First Single-Seater Fighter Squadron
In the early 1916, he was promoted as Major and was in command for his first fighter squadron. Because of the high level of flying incidents, new fighter pilots were understandably worried about flying the Airco DH.2. To ease the worries of these new fighter pilots, he flew the aircraft into a series of spins, successfully recovering every time. When he landed, he taught the pilots the correct way to safely recover from a spin. From then on, pilots were more confident in using the aircraft and make the most of it's performance.
Flying under the leadership of Capt. J. O. Andrews on November 23, 1916, Hawker dove to attack a German aircraft. Andrew and Saundby helped him with his fight.
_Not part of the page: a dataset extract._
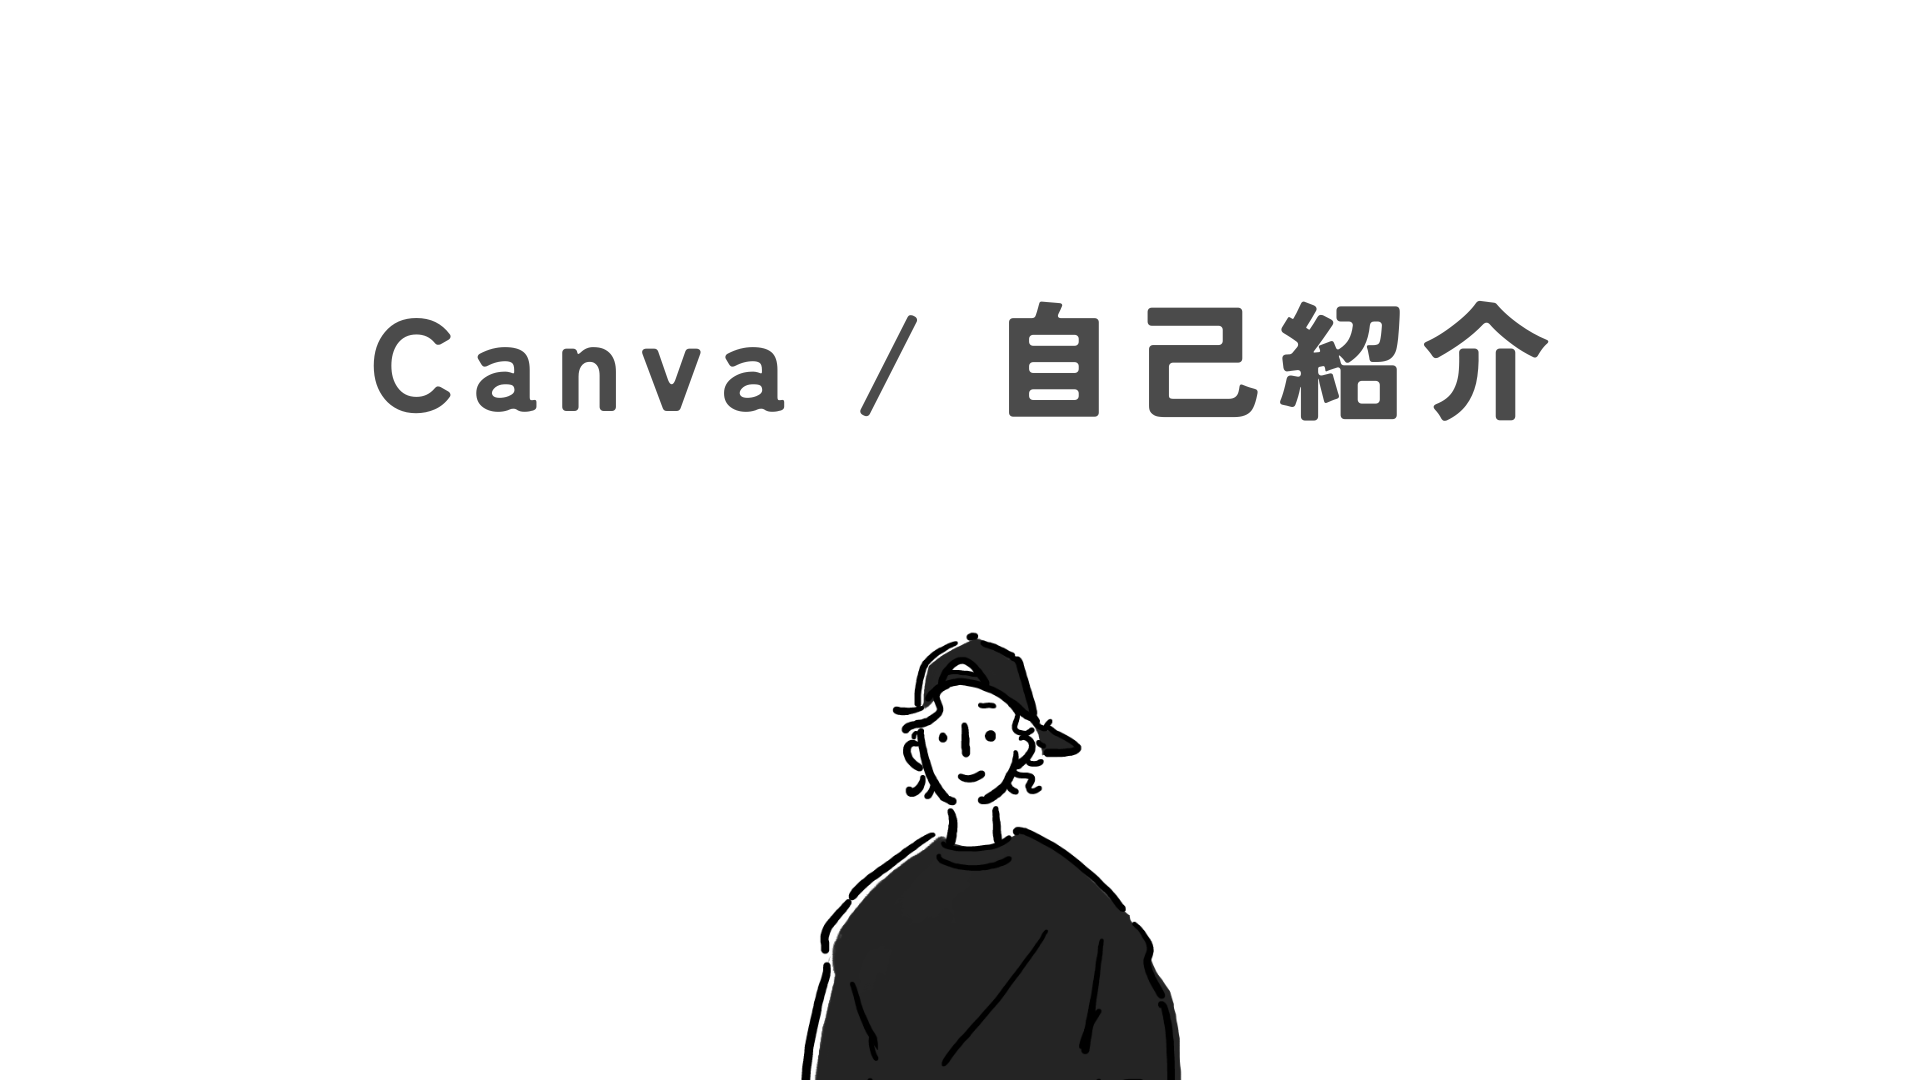 Canva / 自己紹介

Andrew attacked the German aircraft which was attacking Hawker but was hit in his engine and had to glided away. Saundby on the other hand covered Andrew’s exit. Hawker was having a long dogfight with Lieutenant Manfred von Richthofen who was flying an Albatros D.II. Hawker's DH-2’s performance was inferior to the Albatros that the German Ace was flying. It was faster and better armed. Hawker was trying hard to get back to the Allied lines before he ran out of fuel but a bullet hit the back of his head, killing him instantly.
Influence & Legacy
Hawker’s family left their belongings when they fled during the fall of France in 1940. They lost the original Victoria Cross; when they eventually returned to France they found that it had been stolen. Fortunately, they were issued a replacement which was given to Hawker’s brother on February 3, 1960. It can be viewed at the Royal Air Force Museum, Hendon.
“Attack everything” was the prime operational order of Major Lanoe Hawker.